Problem to solve - Reproduce exactly only the lines from the line that holds "England secured a" to the line that holds "Polymaker: The Brand in a Nutshell", inclusive, in the listing below, and please leave out every picture.

Task input -

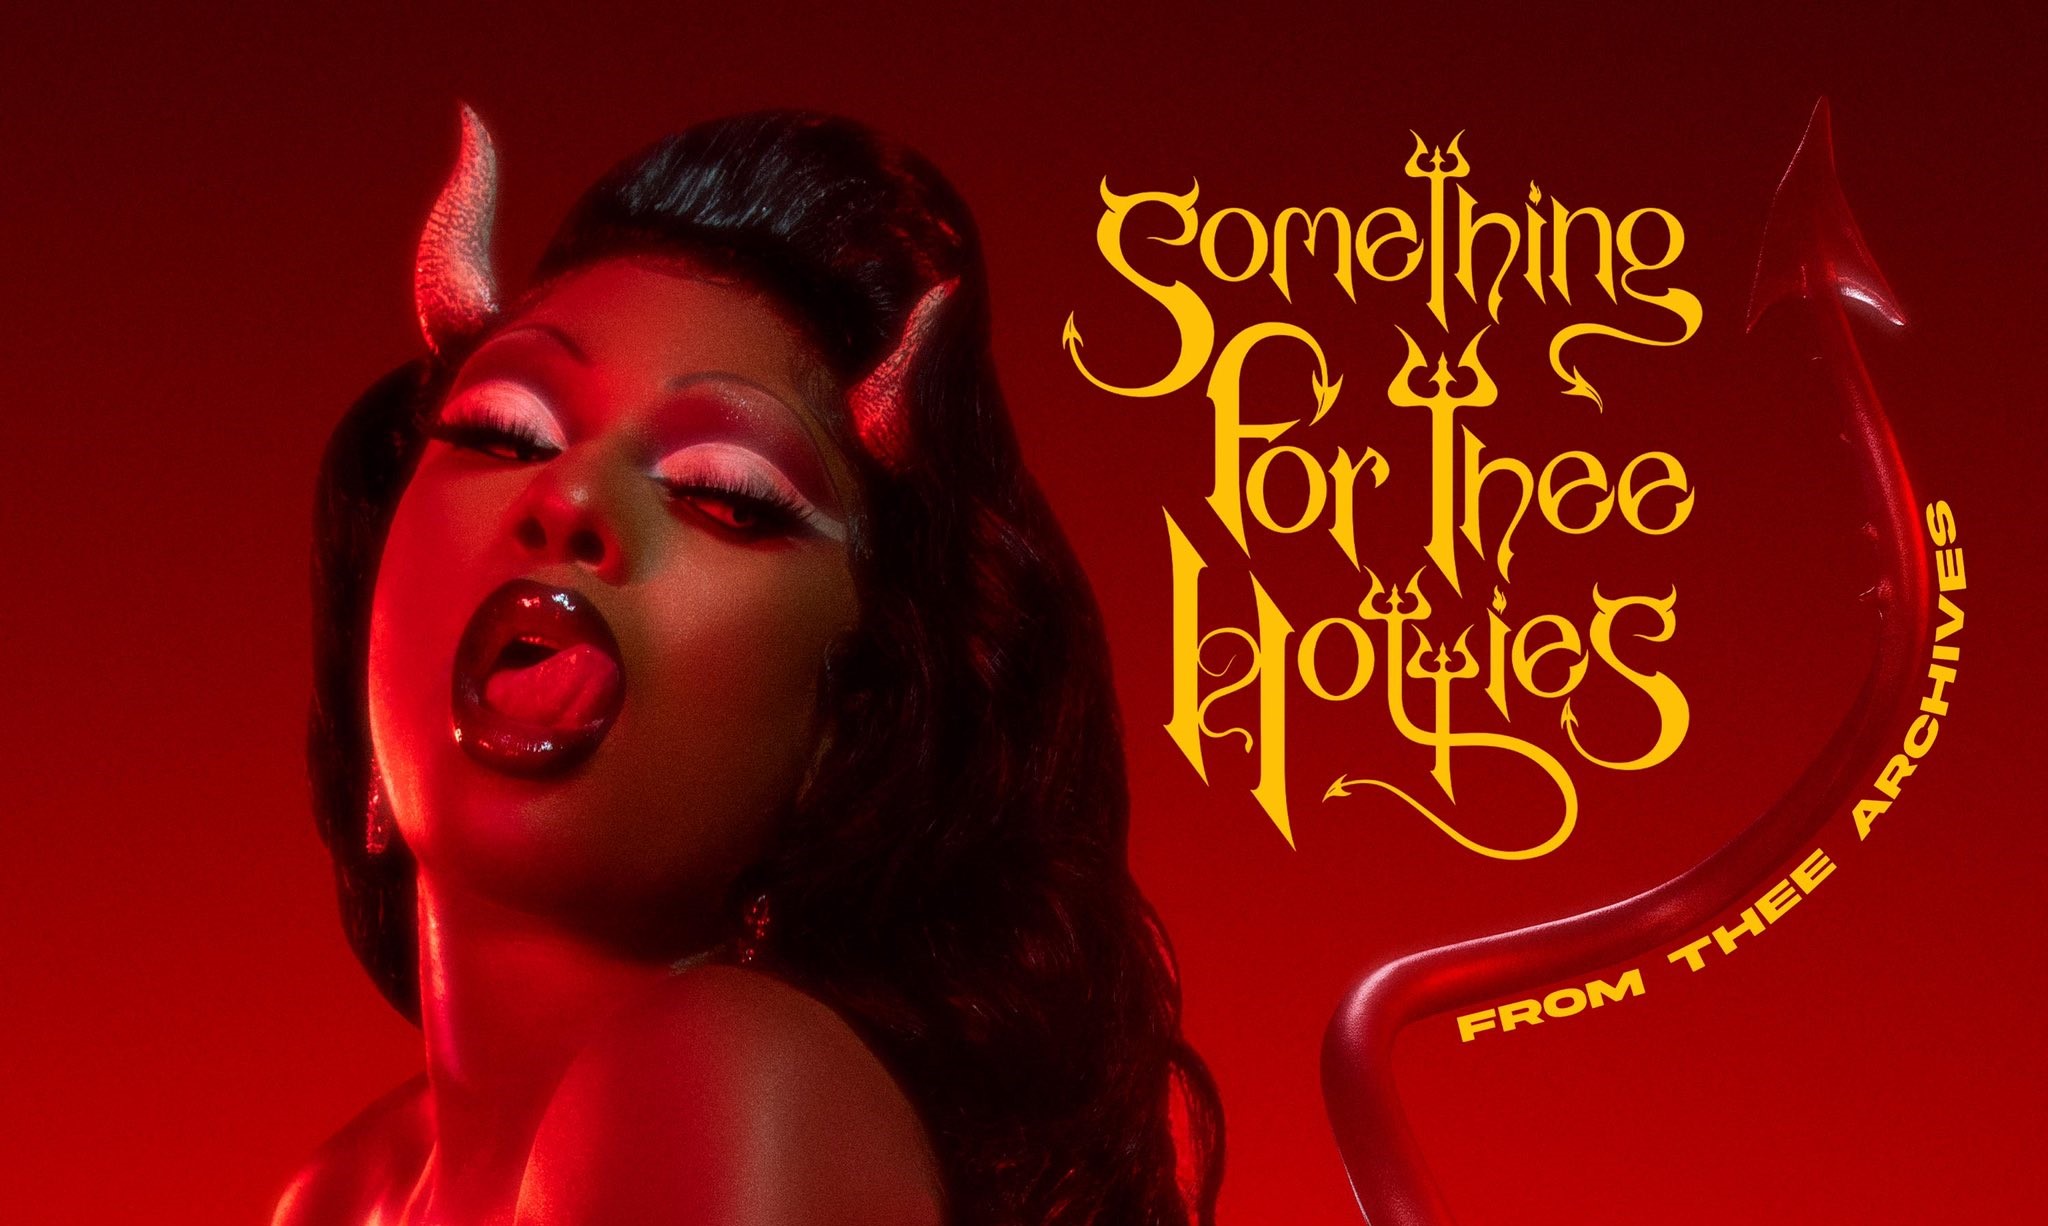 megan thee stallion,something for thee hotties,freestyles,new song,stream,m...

--

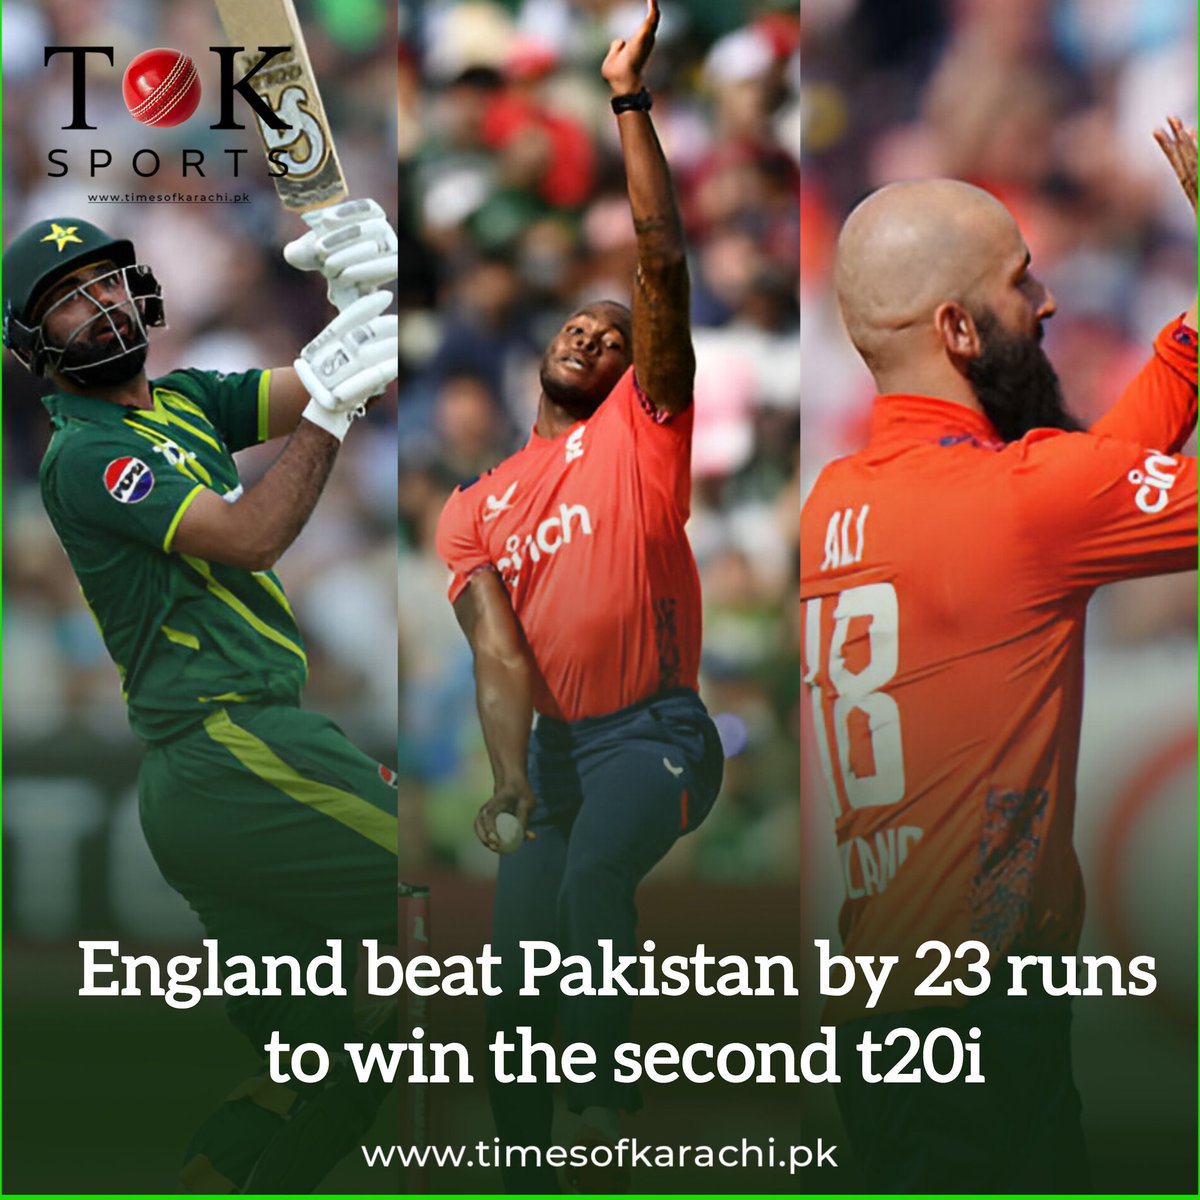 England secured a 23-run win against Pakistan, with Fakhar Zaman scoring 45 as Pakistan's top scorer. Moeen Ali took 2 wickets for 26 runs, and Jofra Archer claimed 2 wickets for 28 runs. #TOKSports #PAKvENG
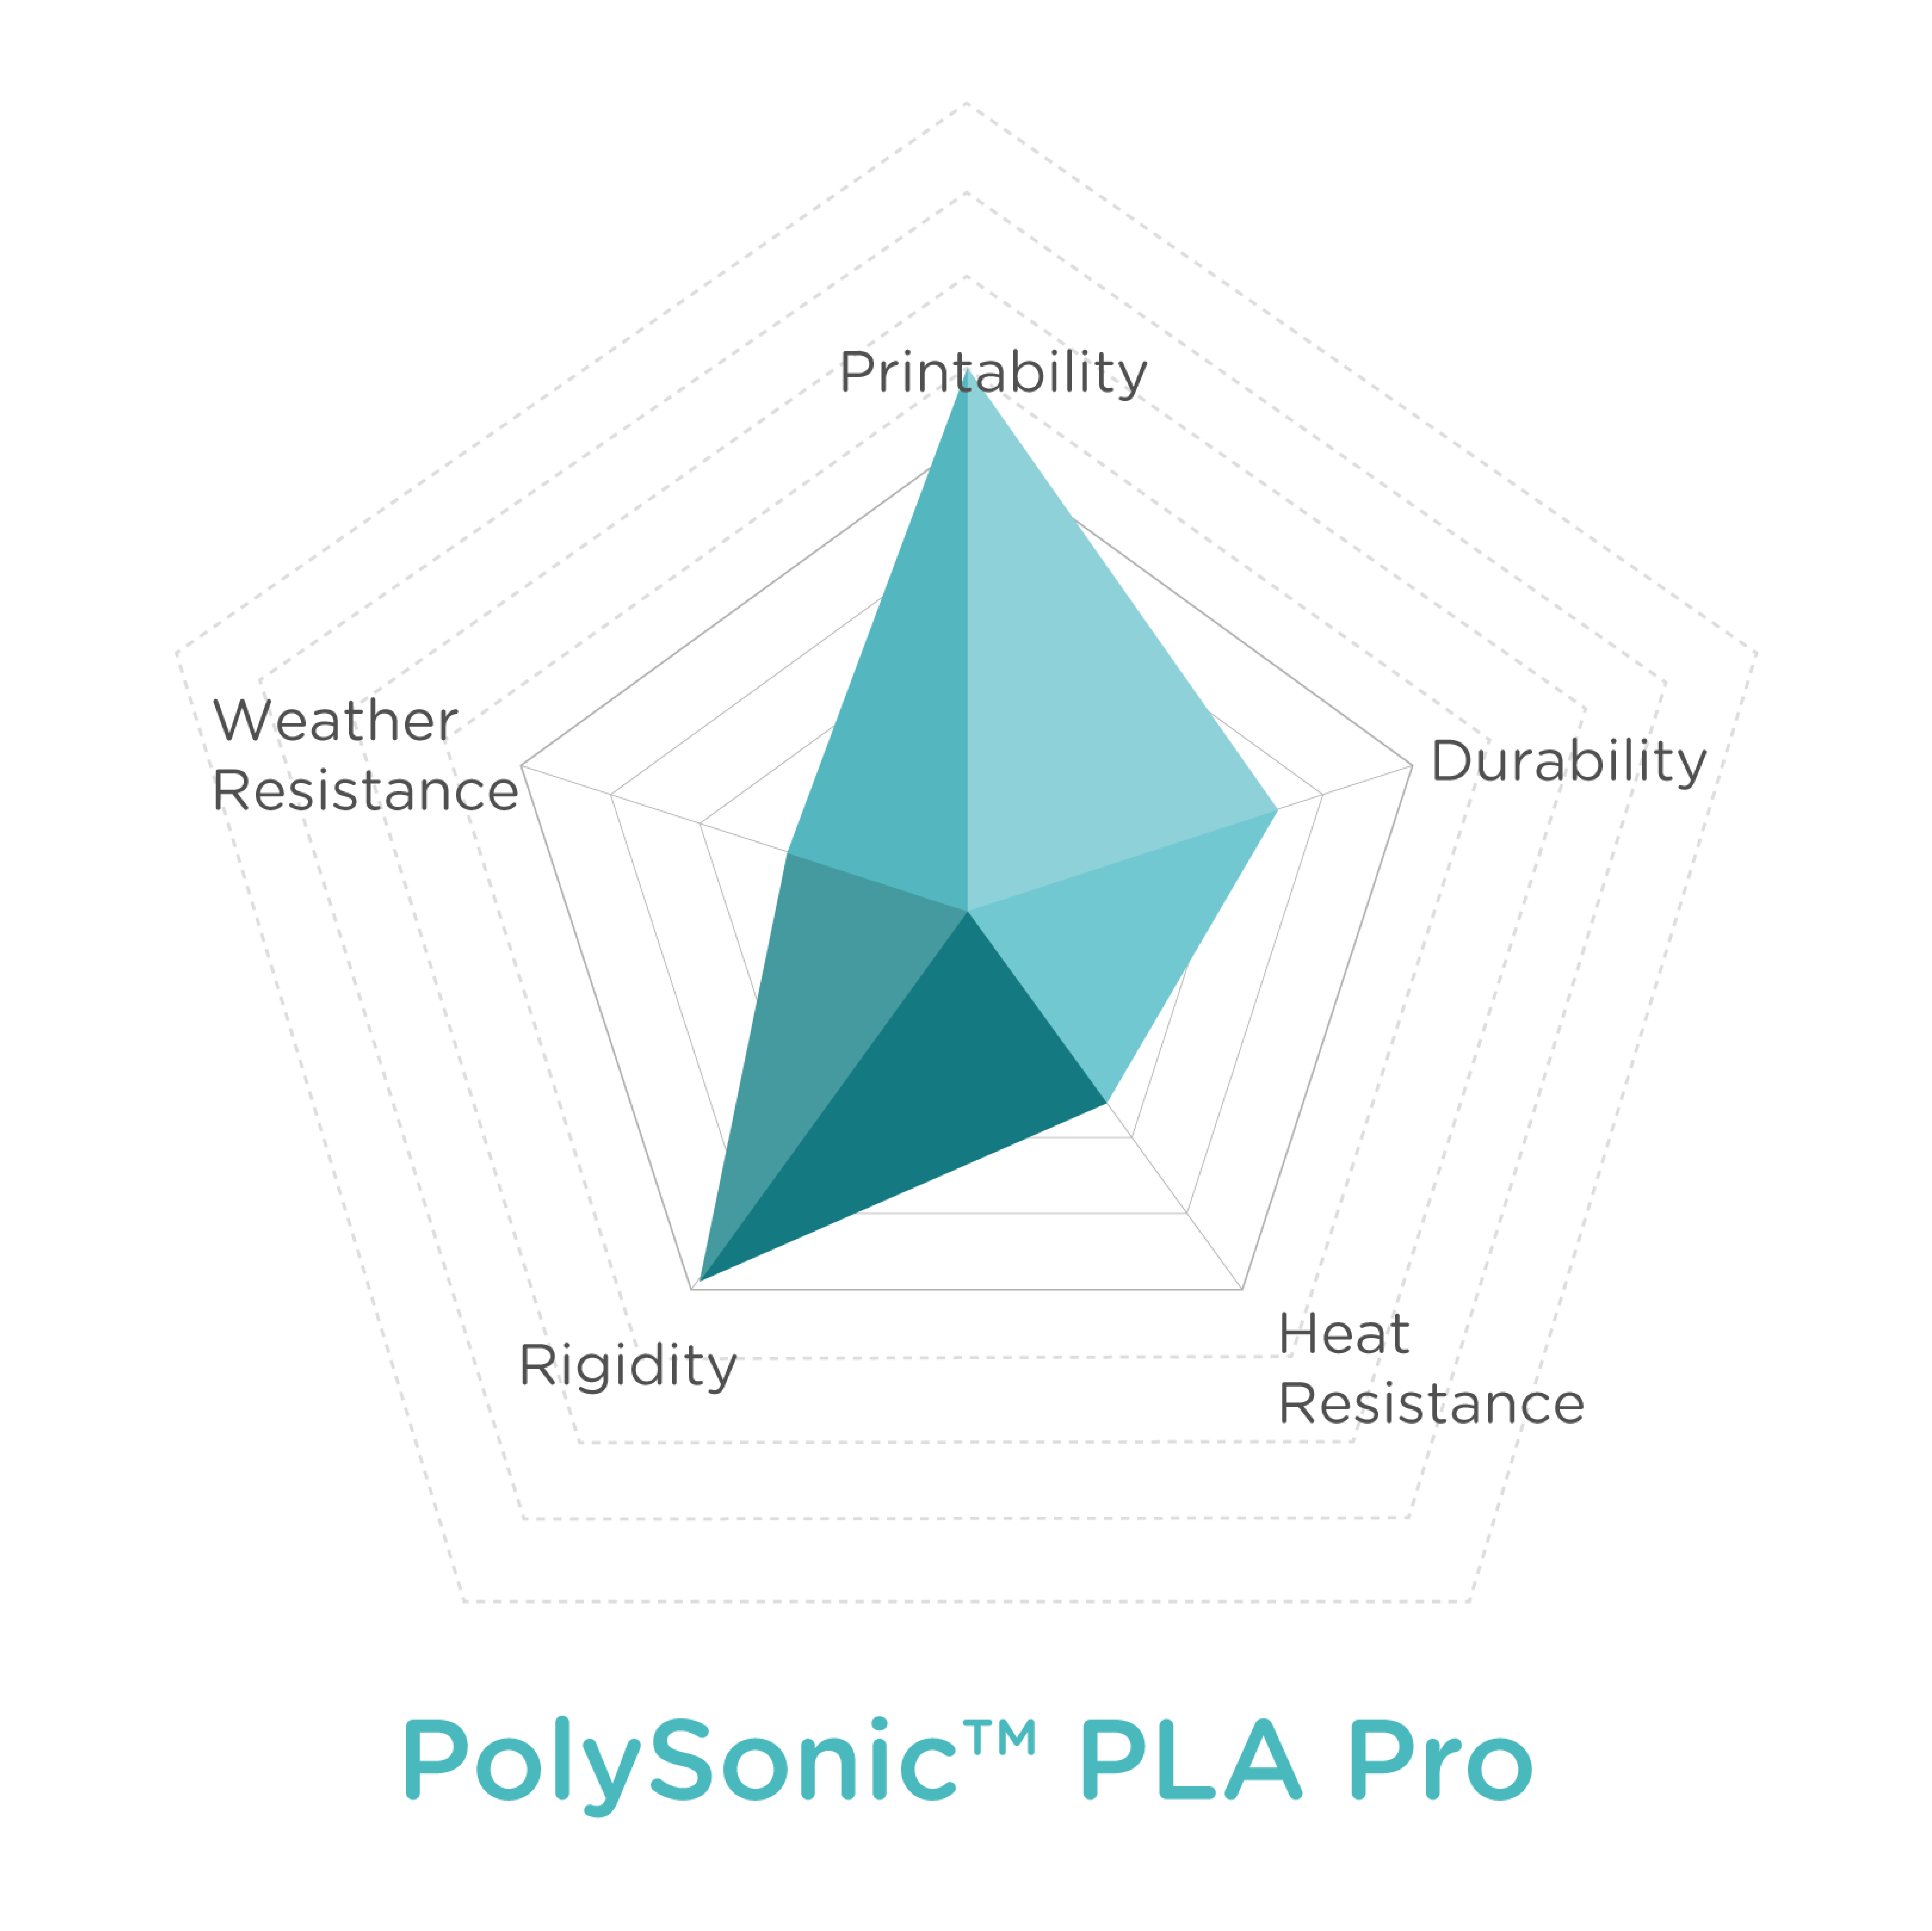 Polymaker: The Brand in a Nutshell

Response -
 England secured a 23-run win against Pakistan, with Fakhar Zaman scoring 45 as Pakistan's top scorer. Moeen Ali took 2 wickets for 26 runs, and Jofra Archer claimed 2 wickets for 28 runs. #TOKSports #PAKvENG
 Polymaker: The Brand in a Nutshell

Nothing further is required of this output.